DURATION_THRESHOLD=30                   # Seconds above threshold before kill
CHECK_INTERVAL=5                        # Seconds between checks

# Main monitoring loop
while true; do
    for proc in "${PROCESS_NAMES[@]}"; do
        # Get PID and CPU usage
        pid_info=$(ps -C "$proc" -o pid=,pcpu=)
        if [ -n "$pid_info" ]; then
            pid=$(echo "$pid_info" | awk '{print $1}')
            cpu_usage=$(echo "$pid_info" | awk '{print $2}' | cut -d. -f1)
            
            # Check if above threshold
            if [ "$cpu_usage" -ge "$CPU_THRESHOLD" ]; then
                if [ -z "${high_cpu_start[$pid]}" ]; then
                    high_cpu_start[$pid]=$(date +%s)
                    echo "$(date): $proc (PID $pid) exceeded CPU threshold"
                else
                    duration=$(( $(date +%s) - ${high_cpu_start[$pid]} ))
                    if [ "$duration" -ge "$DURATION_THRESHOLD" ]; then
                        echo "$(date): Killing $proc (PID $pid) - over threshold for $duration seconds"
                        kill -9 "$pid"
                        unset high_cpu_start[$pid]
                    fi
                fi
            else
                unset high_cpu_start[$pid]
            fi
        fi
    done
    sleep $CHECK_INTERVAL
done

For more sophisticated monitoring, consider these options:

  • Systemd service configuration: Add CPU usage limits directly in service files
  • cgroups: Create control groups with CPU usage limits
  • Monit: Lightweight monitoring tool with process watching capabilities

When implementing automated process killing:

  • Log all kills for debugging purposes
  • Consider implementing automatic restarts after killing
  • Set up alerts when processes are killed frequently
  • Test thresholds thoroughly for each application type

In Linux server administration, especially when running game servers or other long-running applications, we often encounter processes that occasionally crash and consume 100% CPU indefinitely. These zombie processes can:

  • Degrade overall system performance
  • Cause cascading failures in dependent services
  • Lead to unnecessary hosting costs

Basic approaches like killall or one-time ps checks don't work because:

# Bad approach - kills valid high-CPU processes
pkill -f "my_game_server"

Game servers legitimately spike to 100% CPU during operations like map changes or player loads. We need duration-based monitoring.

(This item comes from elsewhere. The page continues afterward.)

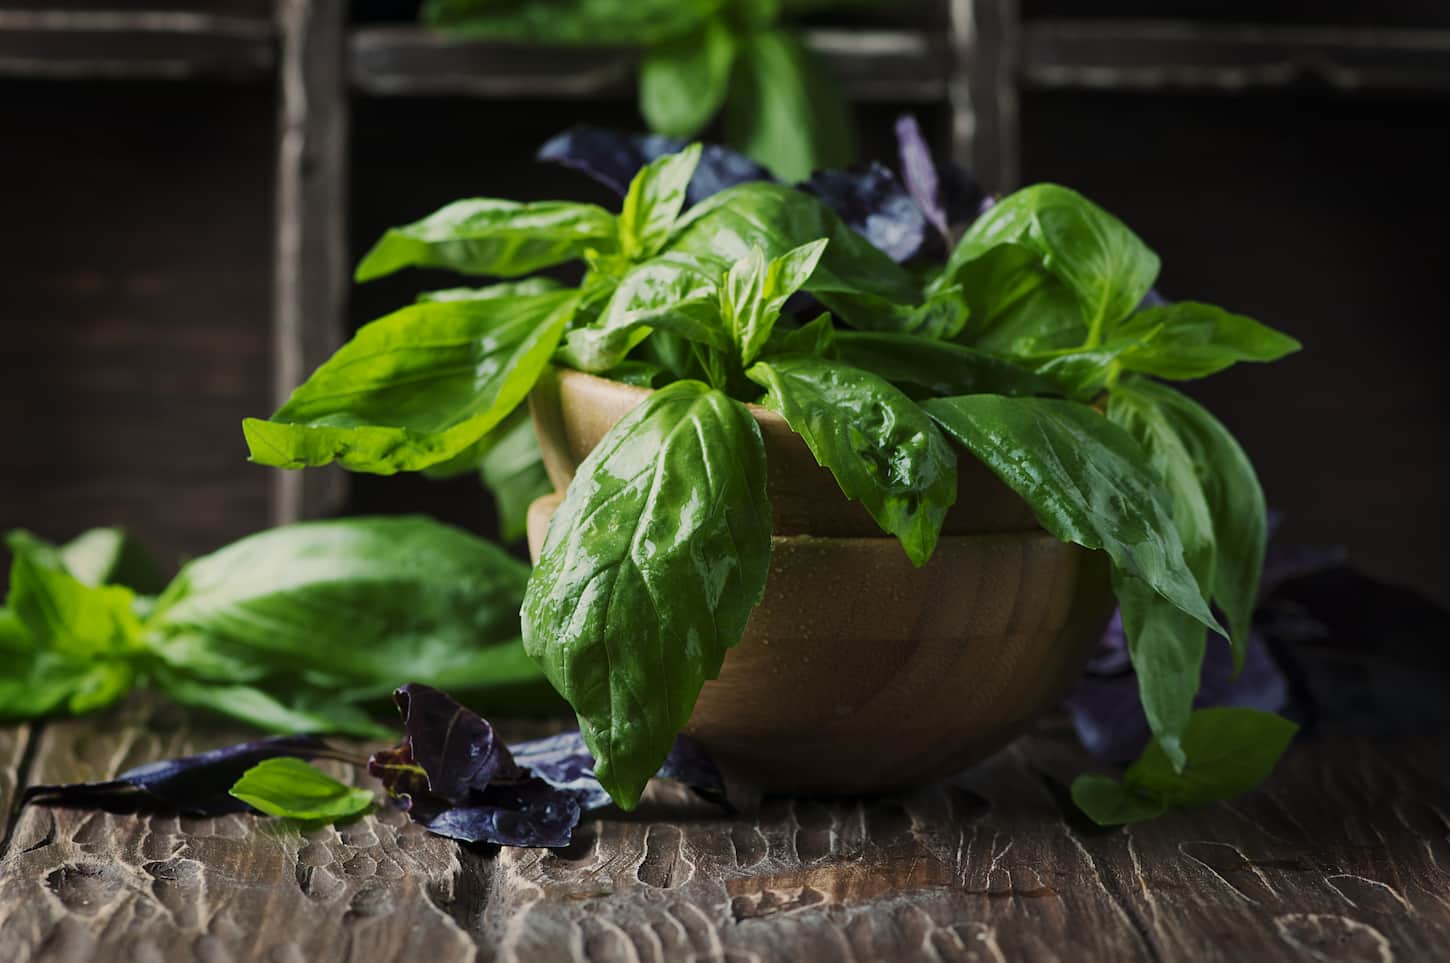 An image of a bunch of fresh basil on the vintage table, selective focus.
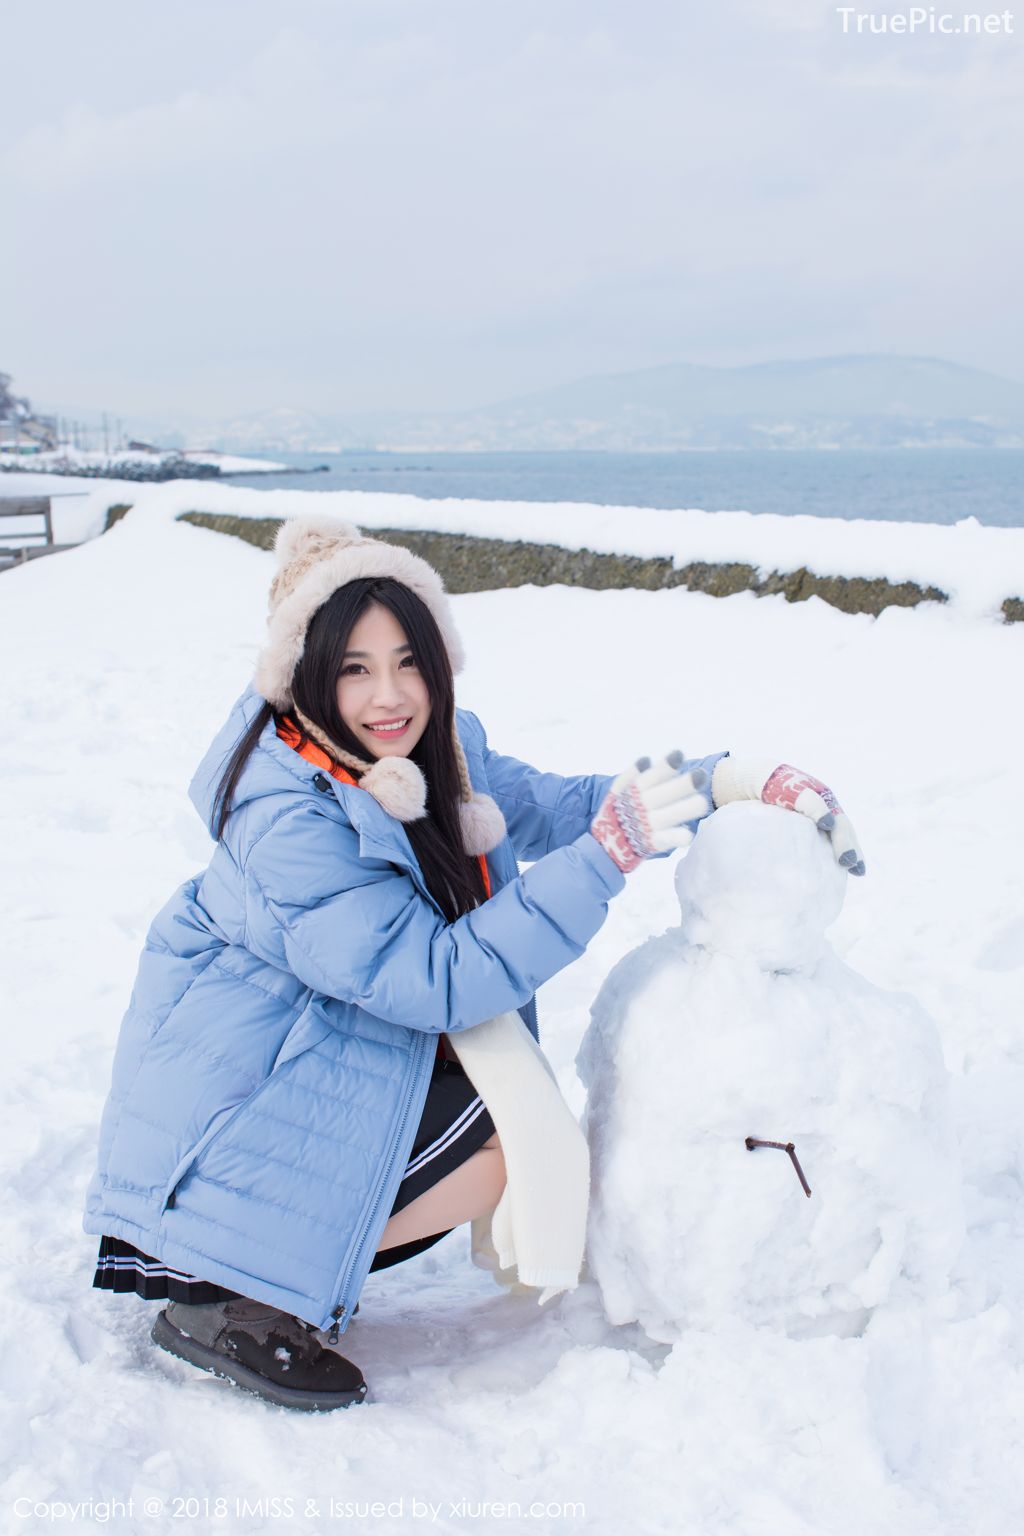 Image-IMISS-Vol.262-Sabrina model–Xu-Nuo-许诺-Sparkling-White-Snow-TruePic.net- Picture-17

Here's a Python implementation that monitors multiple processes by name:

#!/usr/bin/env python3
import psutil
import time
from datetime import datetime

TARGET_PROCS = ["srcds_linux", "minecraft_server"]
MAX_DURATION = 30  # seconds
CHECK_INTERVAL = 5  # seconds

process_trackers = {}

while True:
    for proc in psutil.process_iter(['pid', 'name', 'cpu_percent']):
        if proc.info['name'] in TARGET_PROCS:
            pid = proc.info['pid']
            cpu = proc.info['cpu_percent']
            
            if cpu >= 99:  # 100% is rarely exact
                if pid not in process_trackers:
                    process_trackers[pid] = time.time()
                    print(f"{datetime.now()} - High CPU detected for PID {pid}")
                else:
                    duration = time.time() - process_trackers[pid]
                    if duration >= MAX_DURATION:
                        proc.kill()
                        print(f"{datetime.now()} - Killed PID {pid} after {duration:.1f}s")
                        del process_trackers[pid]
            else:
                if pid in process_trackers:
                    del process_trackers[pid]
    
    time.sleep(CHECK_INTERVAL)

For enterprise environments, consider adding:

  1. Logging to syslog or file
  2. Email/SMS alerts before killing
  3. CPU core count awareness (100% on 8 cores ≠ 100% on 1 core)
  4. Process restart automation

For those preferring shell scripts, this Bash version works well:

#!/bin/bash
PROCESS_NAMES=("java" "hl2_linux")
THRESHOLD_SECONDS=30
INTERVAL=10

while true; do
    for proc_name in "${PROCESS_NAMES[@]}"; do
        pids=$(pgrep "$proc_name")
        for pid in $pids; do
            usage=$(ps -p "$pid" -o %cpu --no-headers)
            if (( $(echo "$usage >= 99" | bc -l) )); then
                if [[ -f "/tmp/highcpu_$pid" ]]; then
                    start_time=$(cat "/tmp/highcpu_$pid")
                    duration=$(( $(date +%s) - start_time ))
                    if (( duration >= THRESHOLD_SECONDS )); then
                        kill -9 "$pid"
                        rm "/tmp/highcpu_$pid"
                        logger -t cpuwatch "Killed $proc_name (PID:$pid) after ${THRESHOLD_SECONDS}s"
                    fi
                else
                    date +%s > "/tmp/highcpu_$pid"
                fi
            else
                rm -f "/tmp/highcpu_$pid"
            fi
        done
    done
    sleep $INTERVAL
done

For production servers, configure as a systemd service:

[Unit]
Description=CPU Process Monitor
After=network.target

[Service]
ExecStart=/usr/local/bin/cpu_monitor.py
Restart=always
User=root

[Install]
WantedBy=multi-user.target